* **Task statement**
Every line of the data below must be output exactly, with images left out.

===== Source material

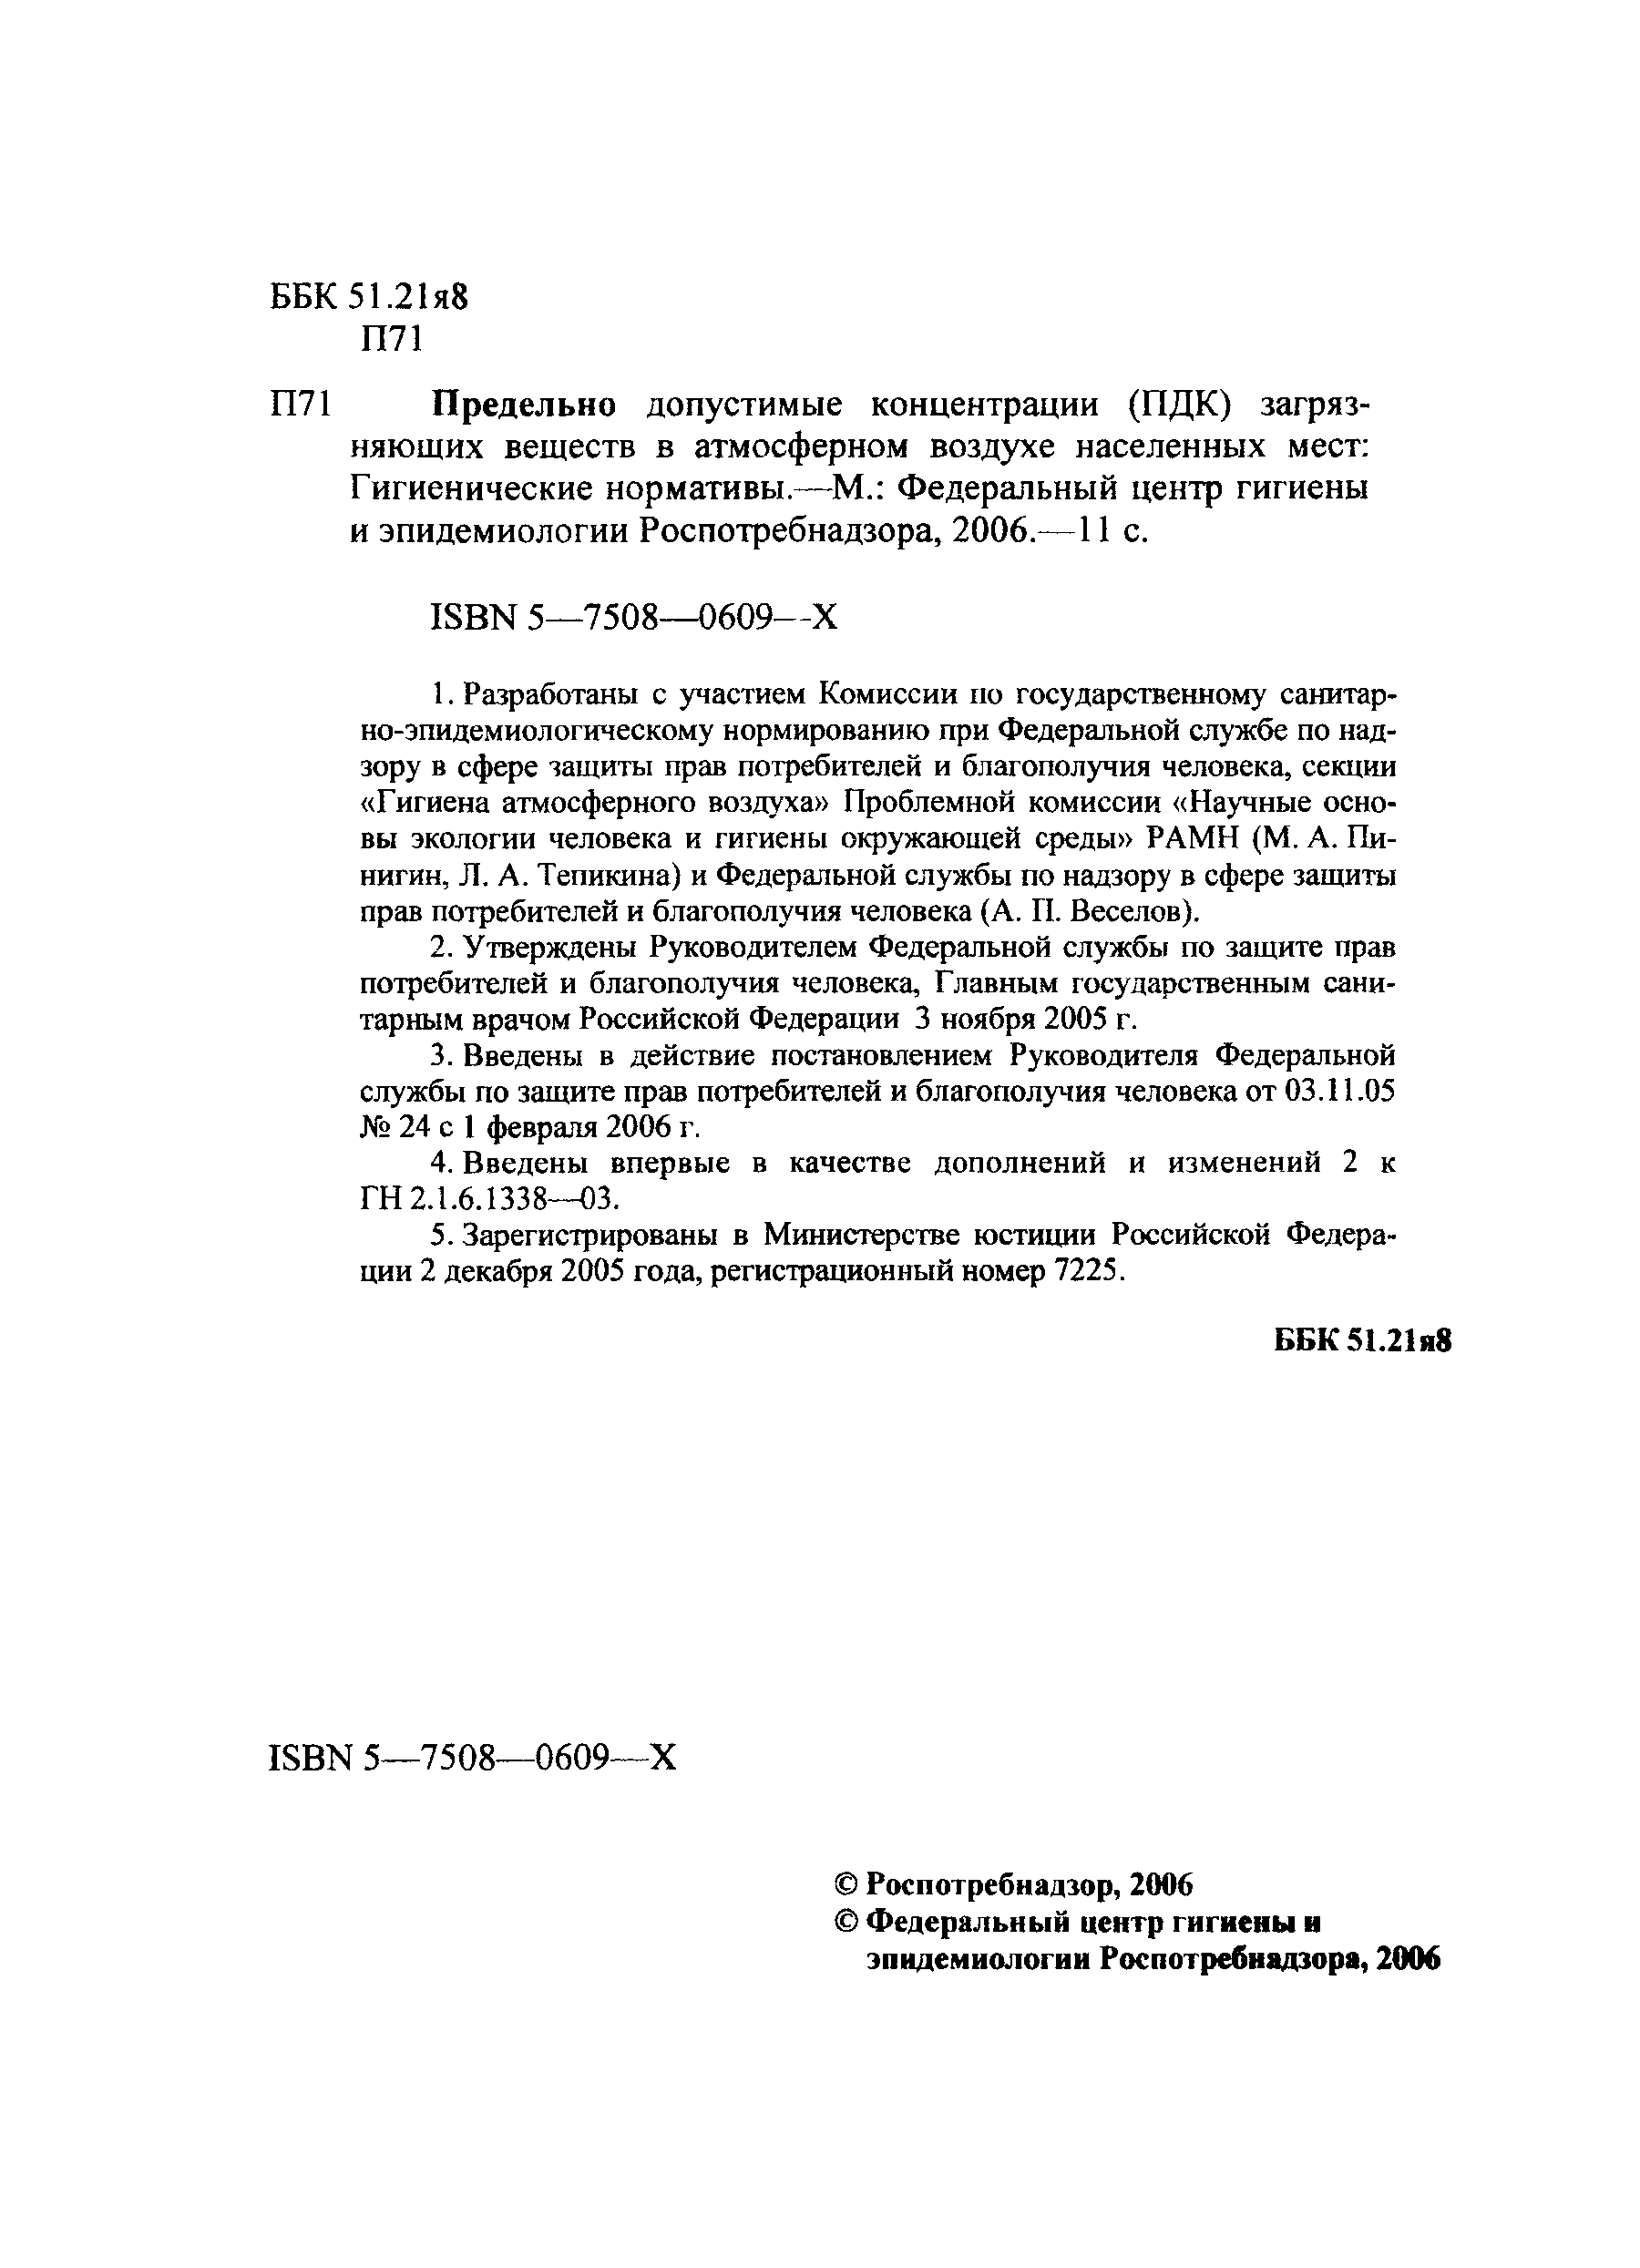 № ГН 2.1.6.1983-05
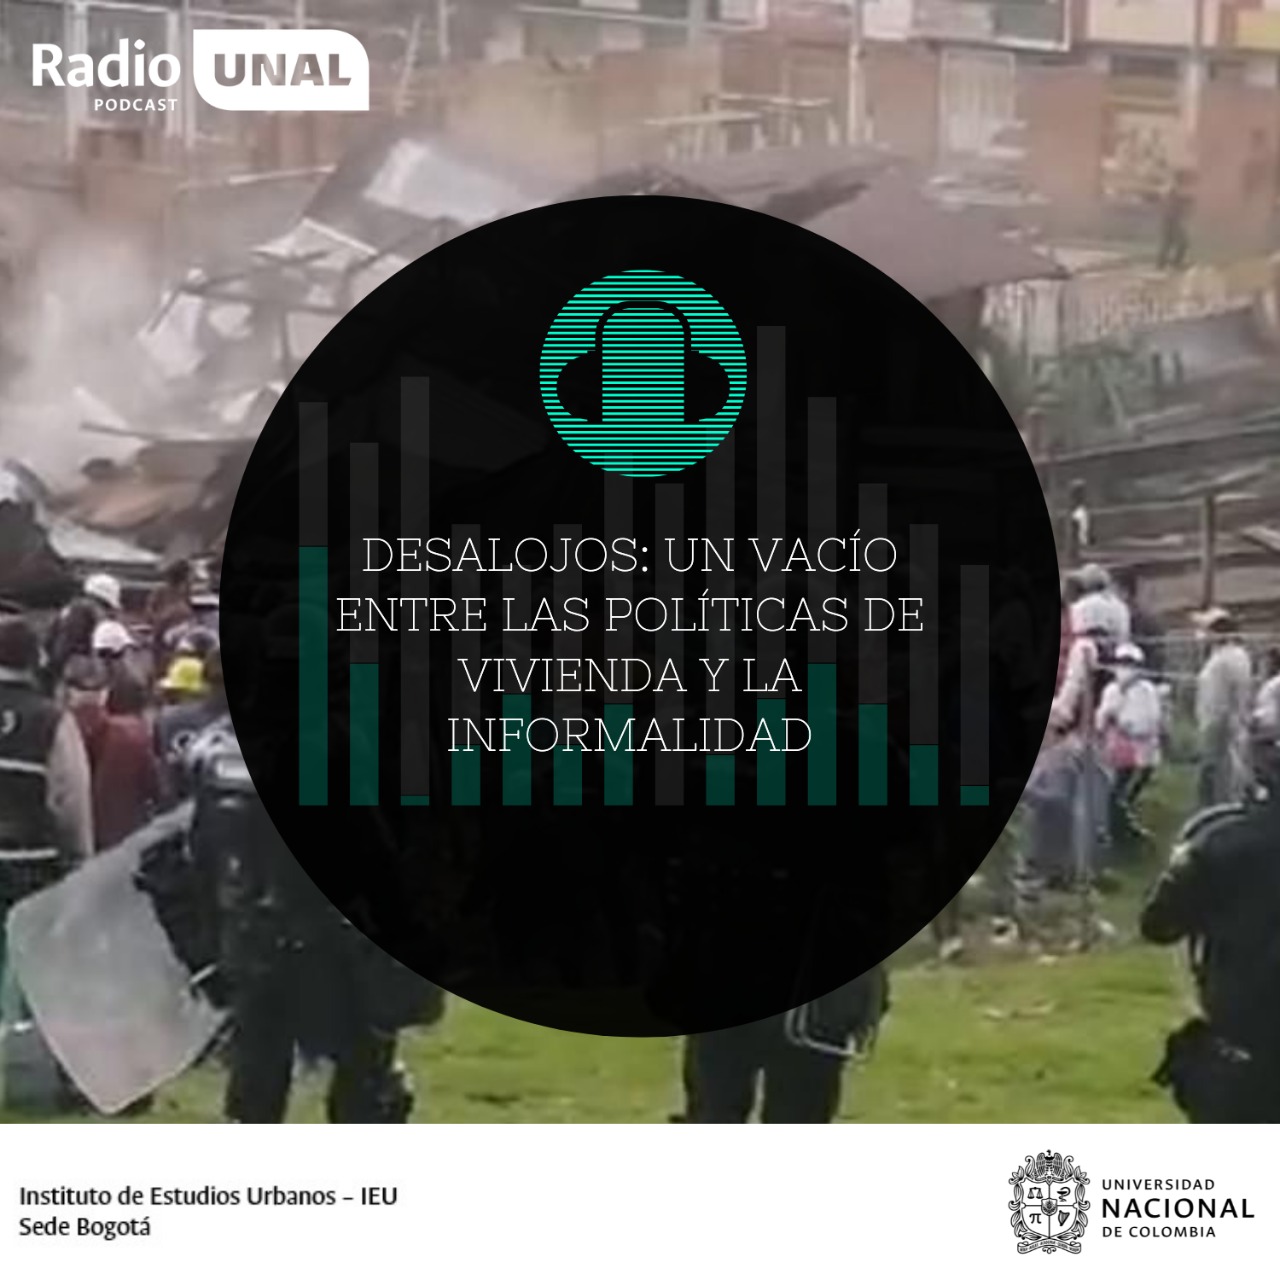 #PoscastRadioUNAL Desalojos: un vacío entre las políticas de vivienda y la informalidad
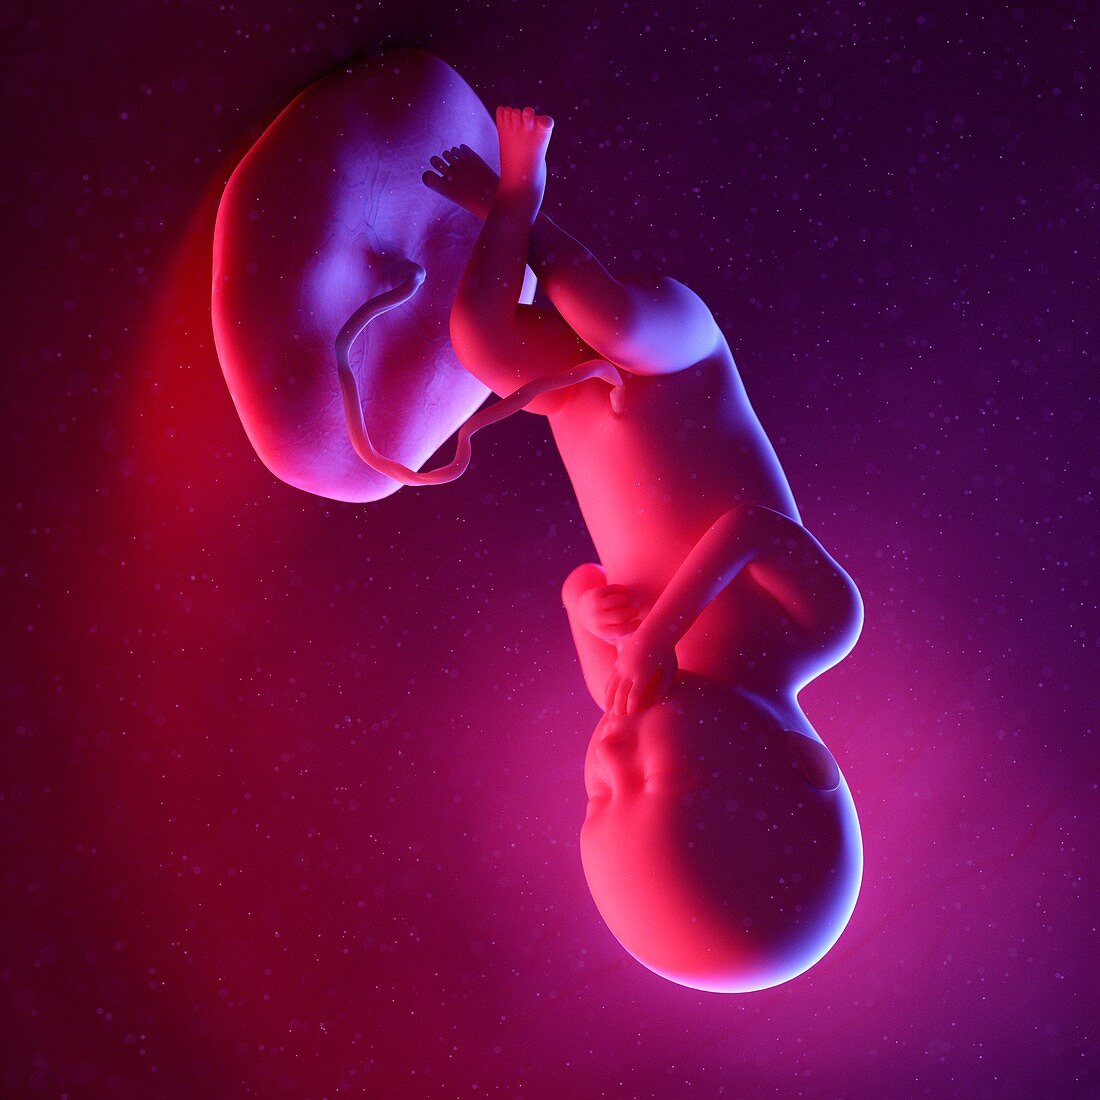 Fetus at week 36, illustration

==========

* **Exercise result**
 № ГН 2.1.6.1983-05
 #PoscastRadioUNAL Desalojos: un vacío entre las políticas de vivienda y la informalidad
 Fetus at week 36, illustration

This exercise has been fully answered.